A light jig is the second-fastest of all jigs. The performer's feet rarely leave the ground for long, as the step is fast, typically performed at a speed of around 116 bpm at feiseanna. There are several light jig steps, varying with each dance school, but the rising step, or the rise and grind, is standard in almost all light jigs. The right side version of the rising step is performed by putting weight on the left foot, lifting the right foot off the ground then hopping on the left foot once. Hop on the left foot again, bringing the right foot back behind the left foot and then shift the weight onto the right foot, leaving the left foot in the air. Dancers use the phrase "hop, hop back" for these three movements, and there is a slight pause between the hop, and hop back. The next movement is a hop on the right foot. Then shift the weight, left-right-left-right. The phrase for this whole movement is: "hop, hop back, hop back 2-3." To do the step on the left foot, reverse the left and right directions.

===Slip jigs===
Slip jigs are in 9/8 time. Because of the longer measures, they are longer than the reel and the light jig, with the same number of bars to the music. The dance is performed high on the toes, and is often considered the "ballet of Irish dance" because of its graceful movements that seem to slip the performers across the floor. Slip jigs are performed at a speed of 113 bpm at feiseanna.

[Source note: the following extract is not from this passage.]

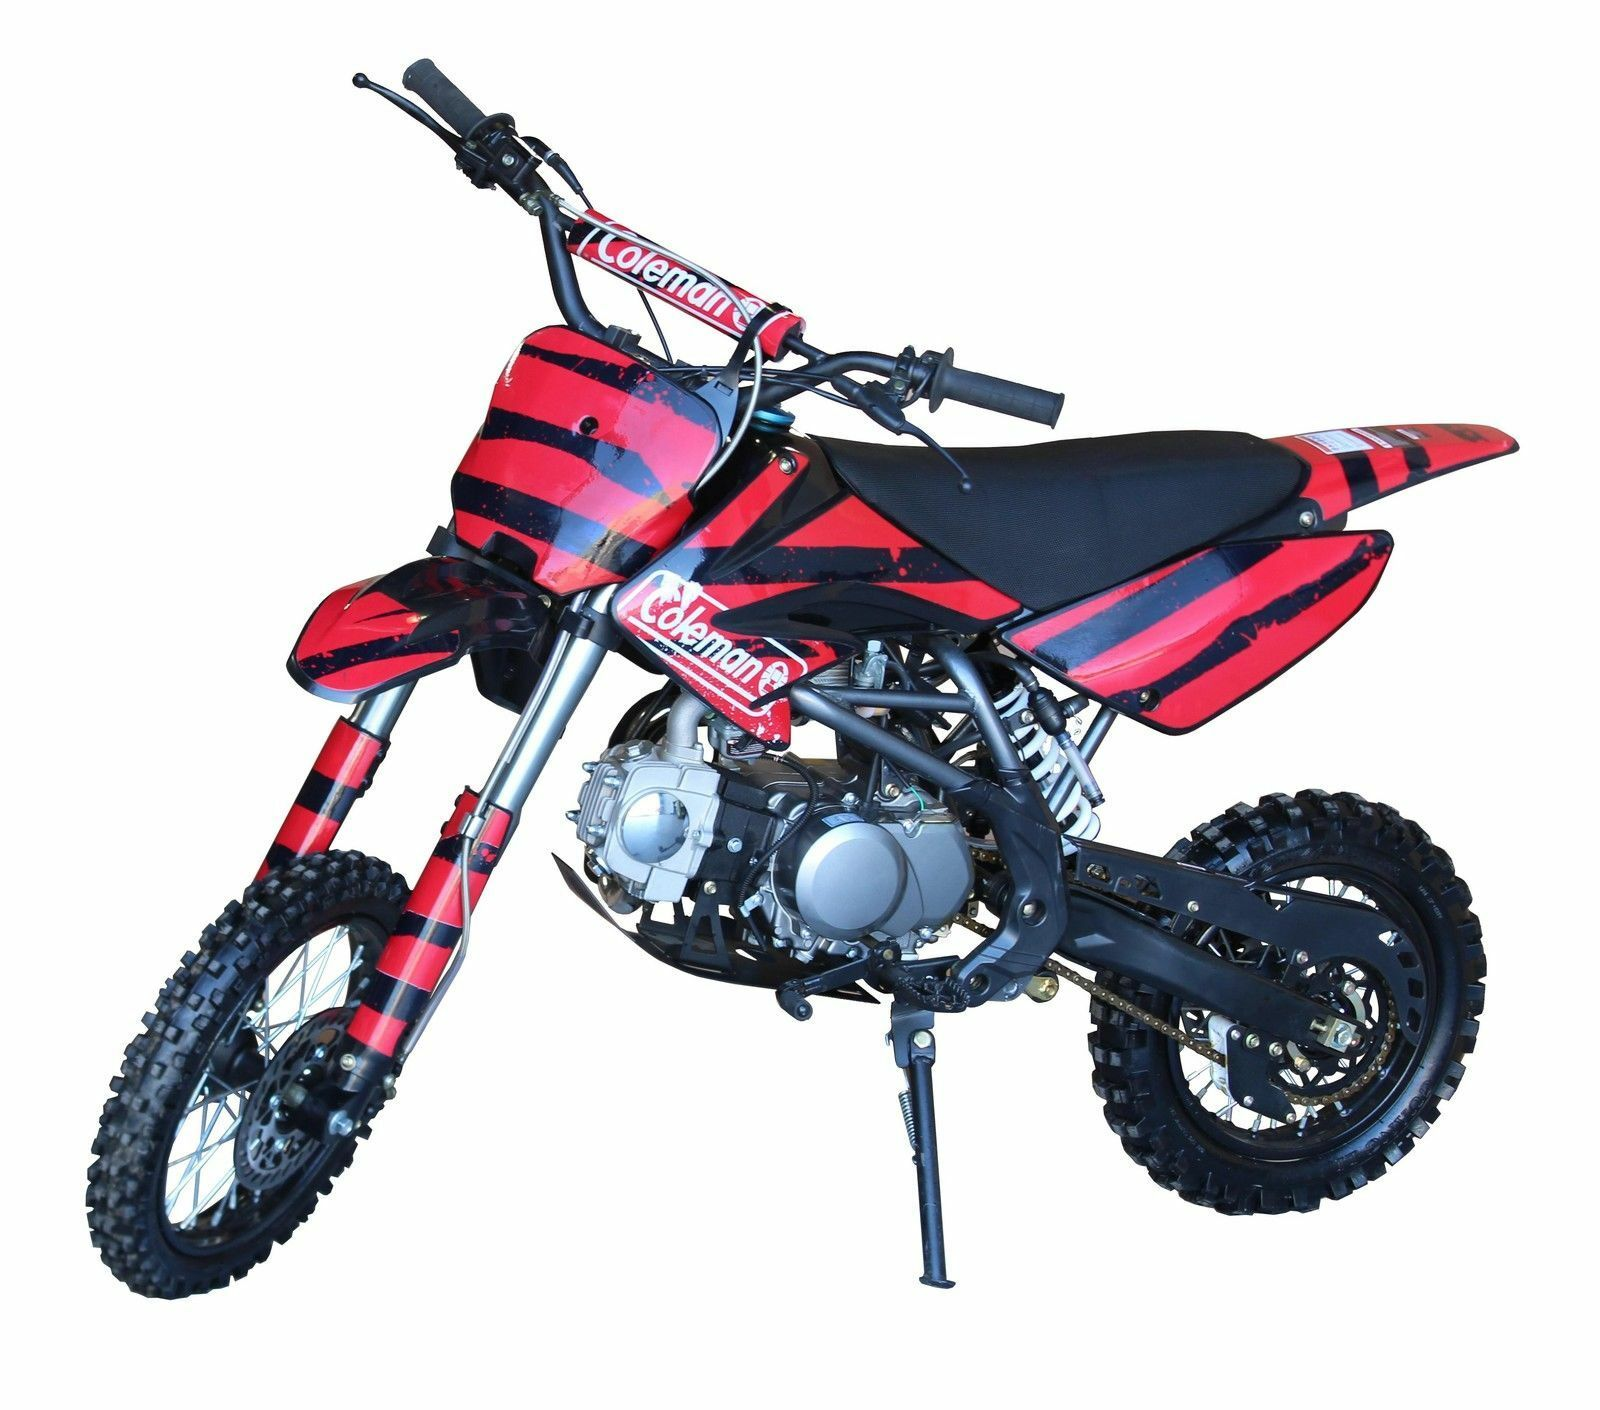 Hm parts pit bike monkey dax sprocket 4 x screw brake disc 8 x 23 mm
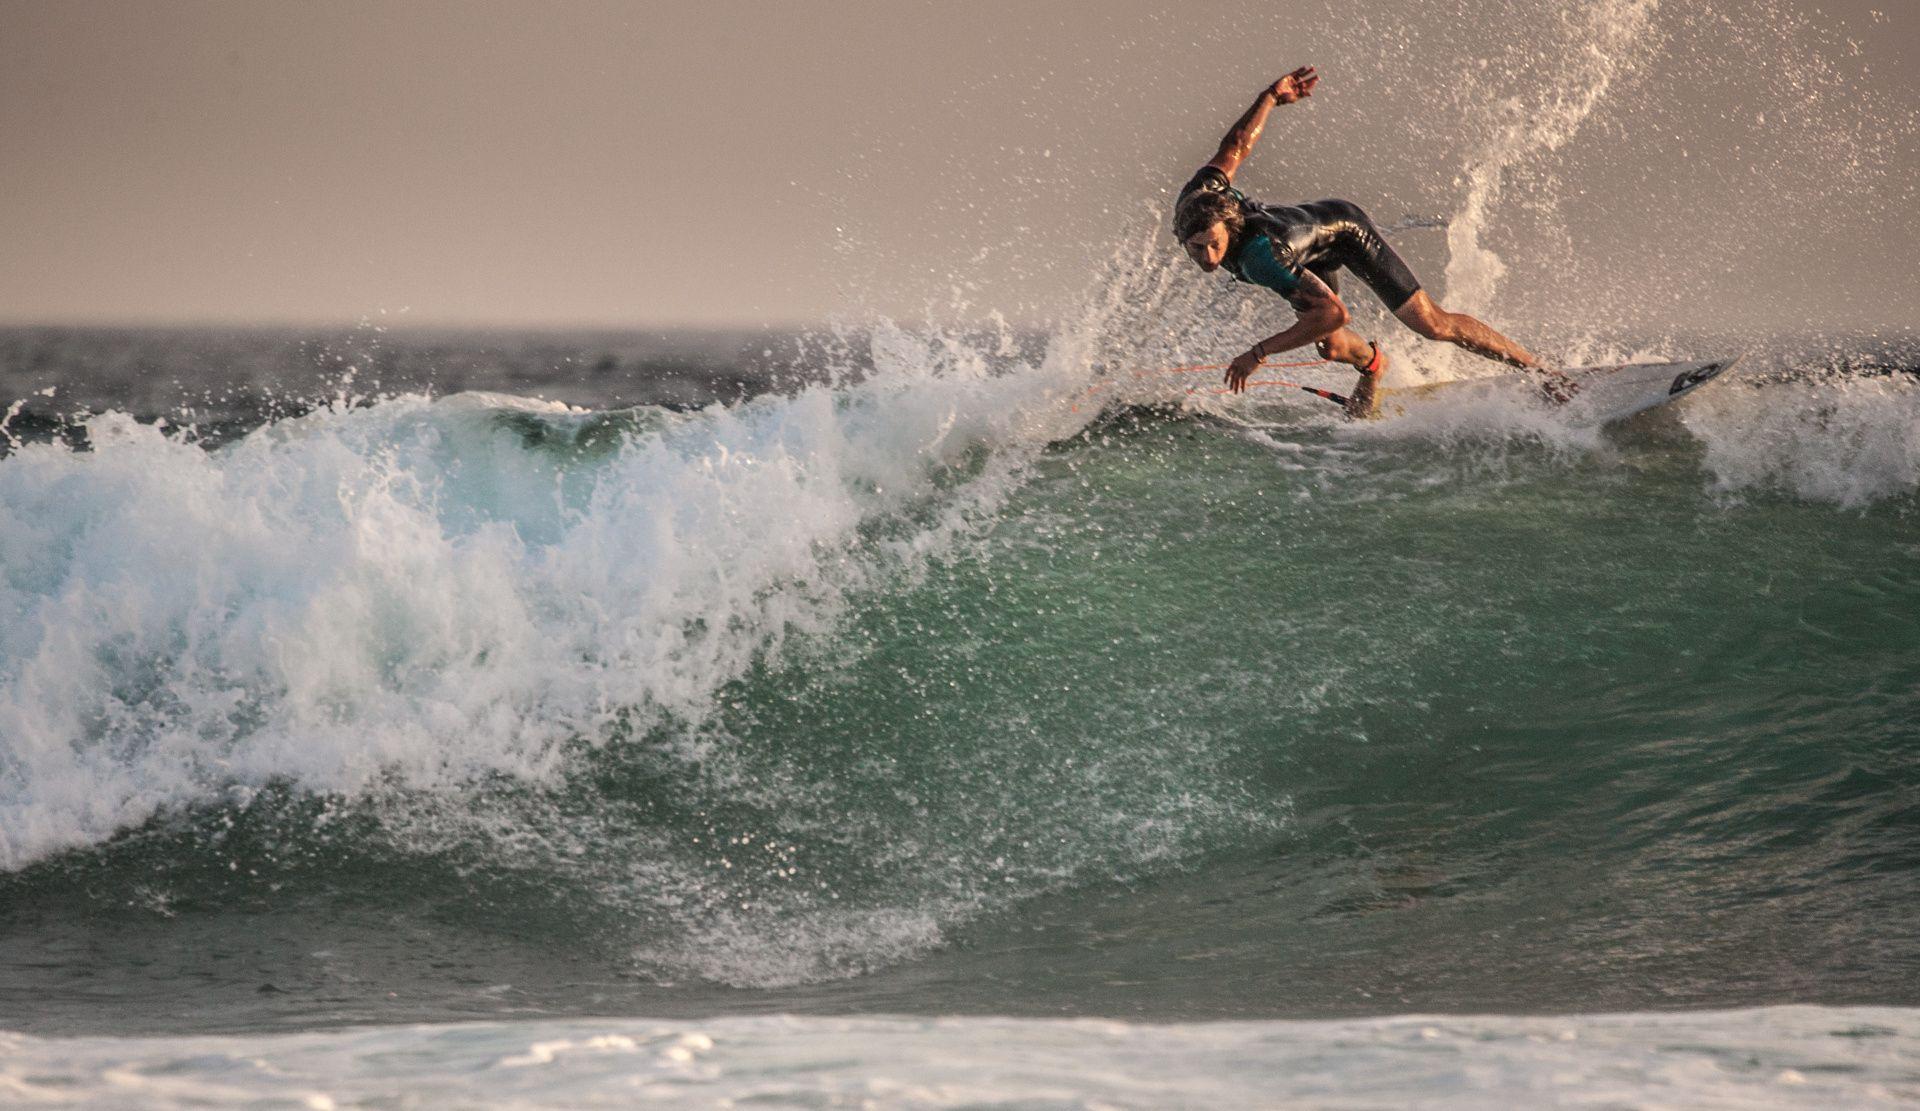 Tenerife surfing - Lovely evening in Las Americas, Tenerife

===Single and double jigs===

Swallowtail jig, a double jig

Single jigs should not be confused with slides; they are the least common of the jigs, performed in ghillies, in a 6/8 or less commonly a 12/8 time. Musically, the single jig tends to follow the pattern of a quarter note followed by an eighth note (twice per 6/8 bar), whereas the pattern for the double jig is three eighth notes twice per 6/8 bar.

===Hop jigs===
Hop jigs are the fastest of all jigs next to light jigs, but the term hop jig causes some confusion, as some people use it for a single jig, while others use this term to refer to a tune in 9/8 time.

Among the latter, some do not distinguish it from a slip jig, while some reserve the term to a slip jig variant that has special characteristics, in particular an emphasis on quarter note–eighth note pairs.

===Treble jigs===
Treble jigs (also called the hard or heavy jig) are performed in hard shoes, and also to a 6/8 time metre. They are characterized by stomps, trebles, and clicks. Many set dances are performed in treble jig time, a few being Drunken Gauger, Blackthorn Stick, The Three Sea Captains, and St Patrick's Day. Two types of treble jigs are performed at feiseanna: the traditional and non-traditional (slow) treble jigs. Beginners will do a treble jig at traditional speed (92 bpm), while more advanced dancers will dance the non-traditional (slow) treble jig at 72 bpm.

==Straight and sand jigs==
In 19th-century America, the jig was the name adopted for a form of step dancing developed by enslaved African-Americans and later adopted by minstrel show performers. Danced to five-string banjo or fiddle tunes in 2/2 or 2/4 metre played at schottische tempo, the minstrel jig (also called the "straight jig" to distinguish it from Irish dances) was characterized by syncopated rhythm and eccentric movements. Jig dancers employed a repertoire of "hits" on the heel or toe, "hops" on one foot, "springs" off both feet as well as various slides and shuffles. The most famous early jig dancer was Master Juba, an African-American who inspired a host of white imitators, many of whom performed in blackface. John Diamond, an Irish-American who competed with Master Juba in a series of "challenge dances", was among the most prominent of these white minstrel jig dancers. Minstrel jigs, as well as clogs and breakdowns, were crucial to the evolution of 20th-century tap and soft-shoe dancing.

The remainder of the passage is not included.